# Data shown

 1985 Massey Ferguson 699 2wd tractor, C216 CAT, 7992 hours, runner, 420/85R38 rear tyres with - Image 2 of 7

---

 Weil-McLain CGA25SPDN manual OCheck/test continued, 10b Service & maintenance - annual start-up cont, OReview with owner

...

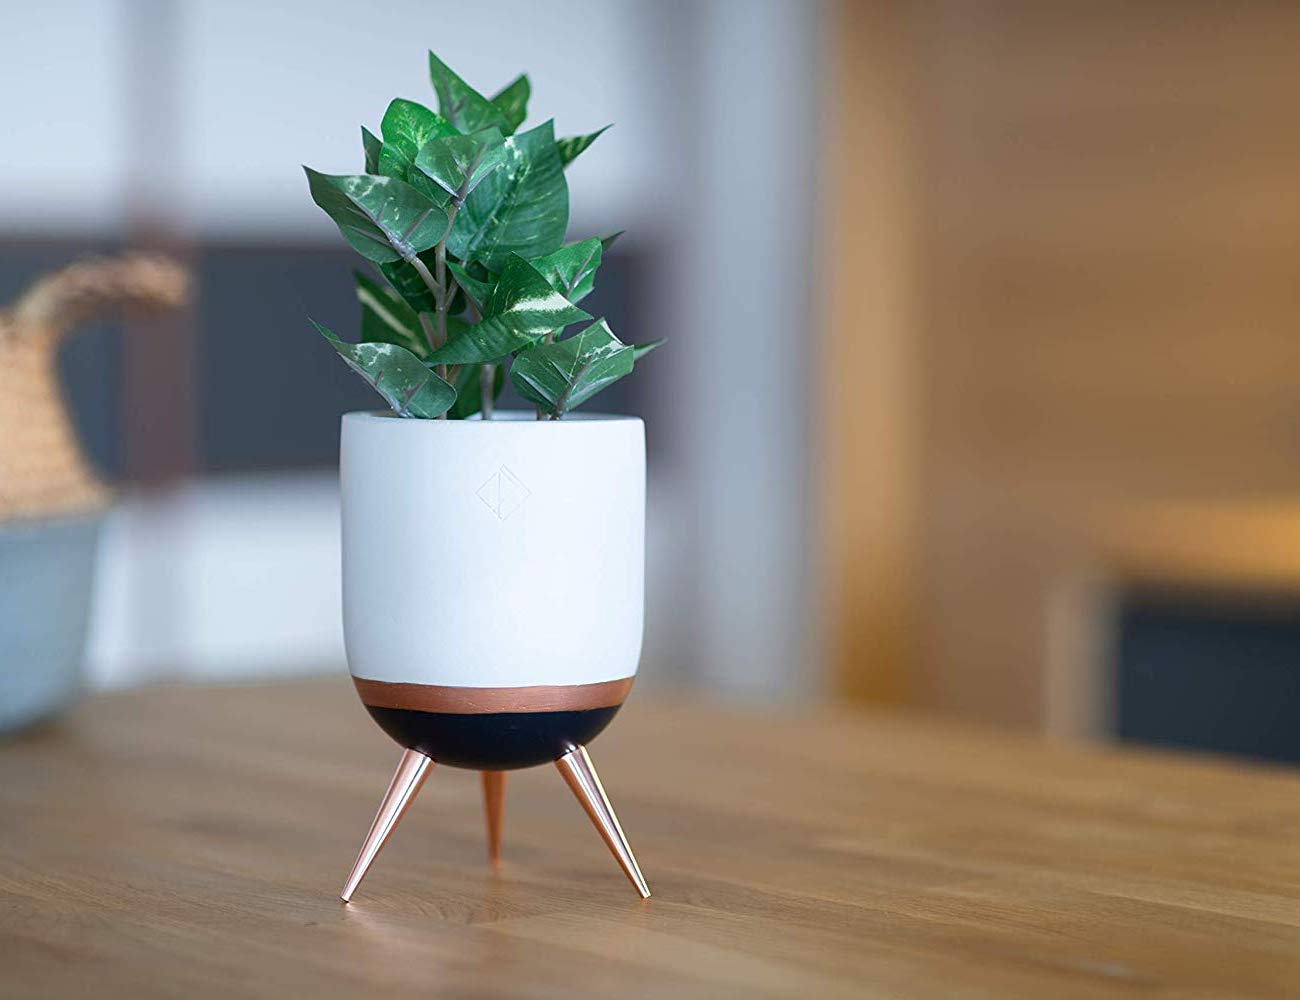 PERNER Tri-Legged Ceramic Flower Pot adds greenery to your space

# Action item
Go through the material above and copy each line that holds the string "with".

# Task answer
 1985 Massey Ferguson 699 2wd tractor, C216 CAT, 7992 hours, runner, 420/85R38 rear tyres with - Image 2 of 7
 Weil-McLain CGA25SPDN manual OCheck/test continued, 10b Service & maintenance - annual start-up cont, OReview with owner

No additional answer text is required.